|
Chris Shaw
Editor |
Walmart aims for 'zero waste' to landfills by 2025
11 September 2018
Walmart stores in the United States, Canada, Japan, and the United Kingdom have a sustainability goal of zero waste by 2025. The retailer’s 2018 sustainability report says that by the end of last year, Walmart had already diverted 81 per cent of its US waste and 78 per cent of its global waste from landfills.

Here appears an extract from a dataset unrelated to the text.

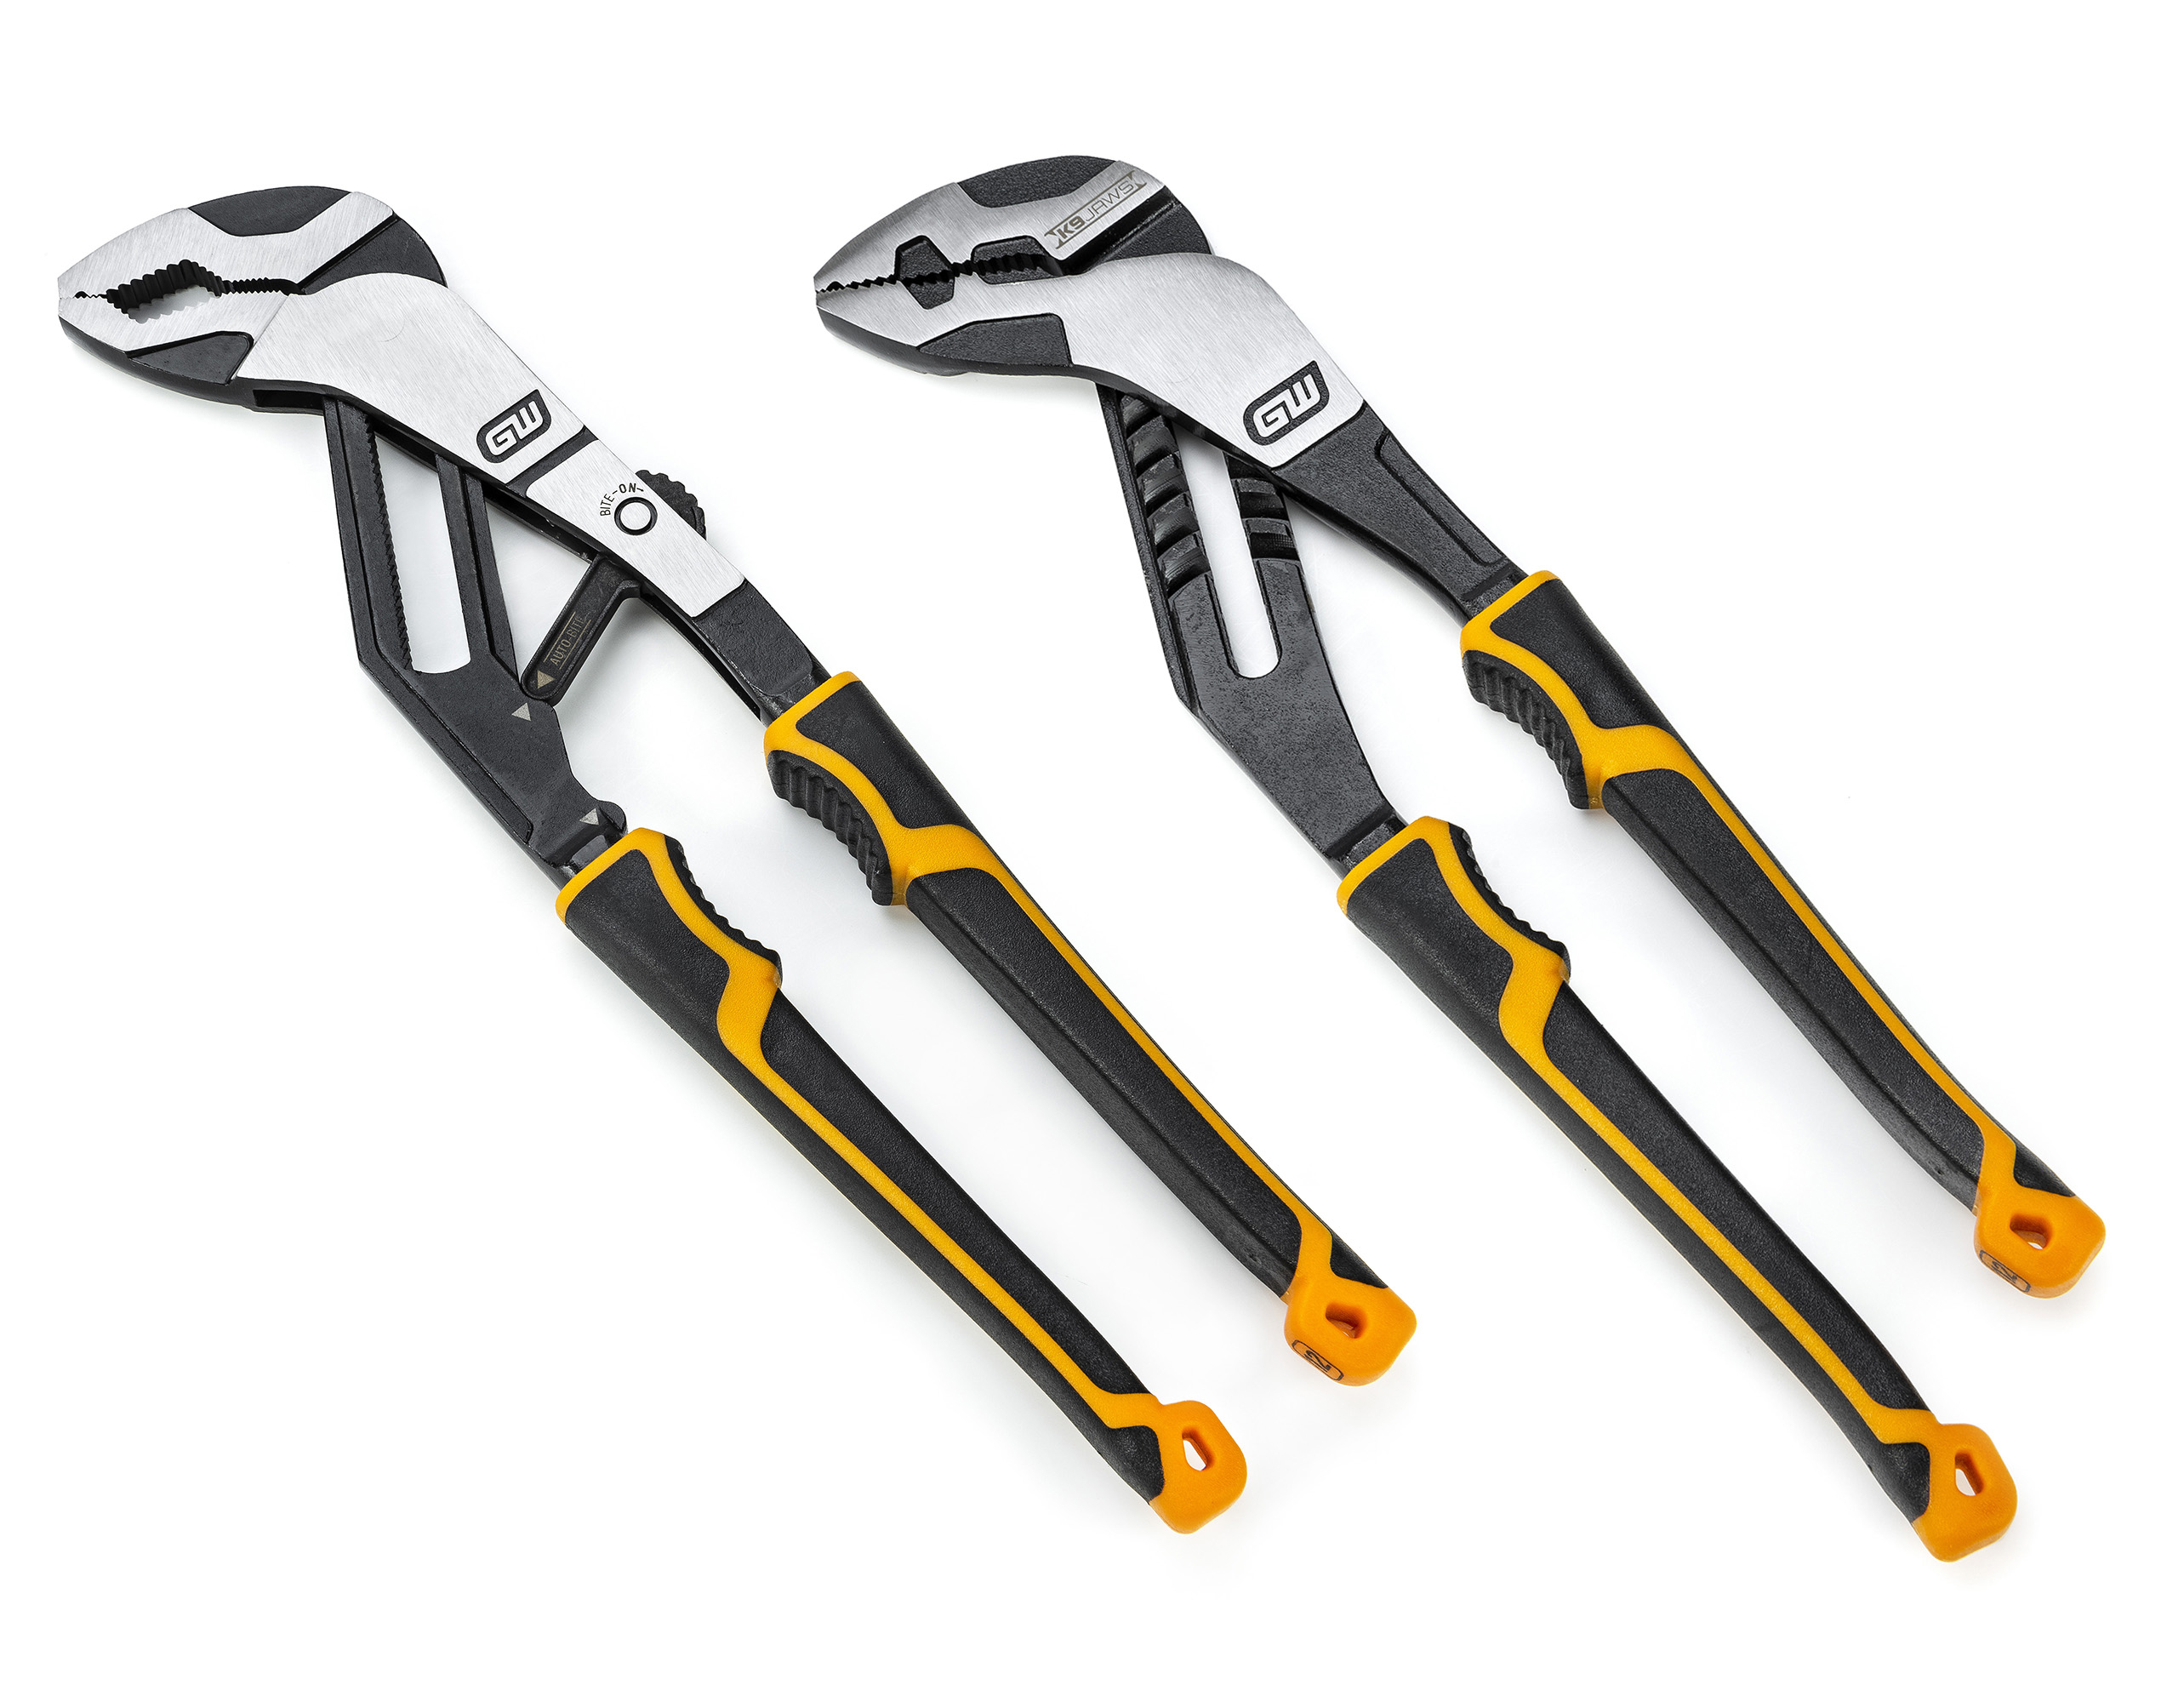 The new GEARWRENCH Pitbull Auto-Bite Tongue-and-Groove Pliers (left) and Pitbull K9 Straight Jaw Tongue-and-Groove Pliers (right) provide superior grip and comfort for the user.

Walmart defines 'zero waste' as meeting or exceeding Zero Waste International Alliance (ZWIA) business recognition programme requirements.
“In 2005, Walmart began to look at the interplay of waste and usable materials and to seriously examine our own operations, looking for ways to reduce waste of all kinds,” the company’s latest sustainability report says. “Today we have a deeper understanding of the challenges and are engaging suppliers and customers in pursuit of the circular economy.”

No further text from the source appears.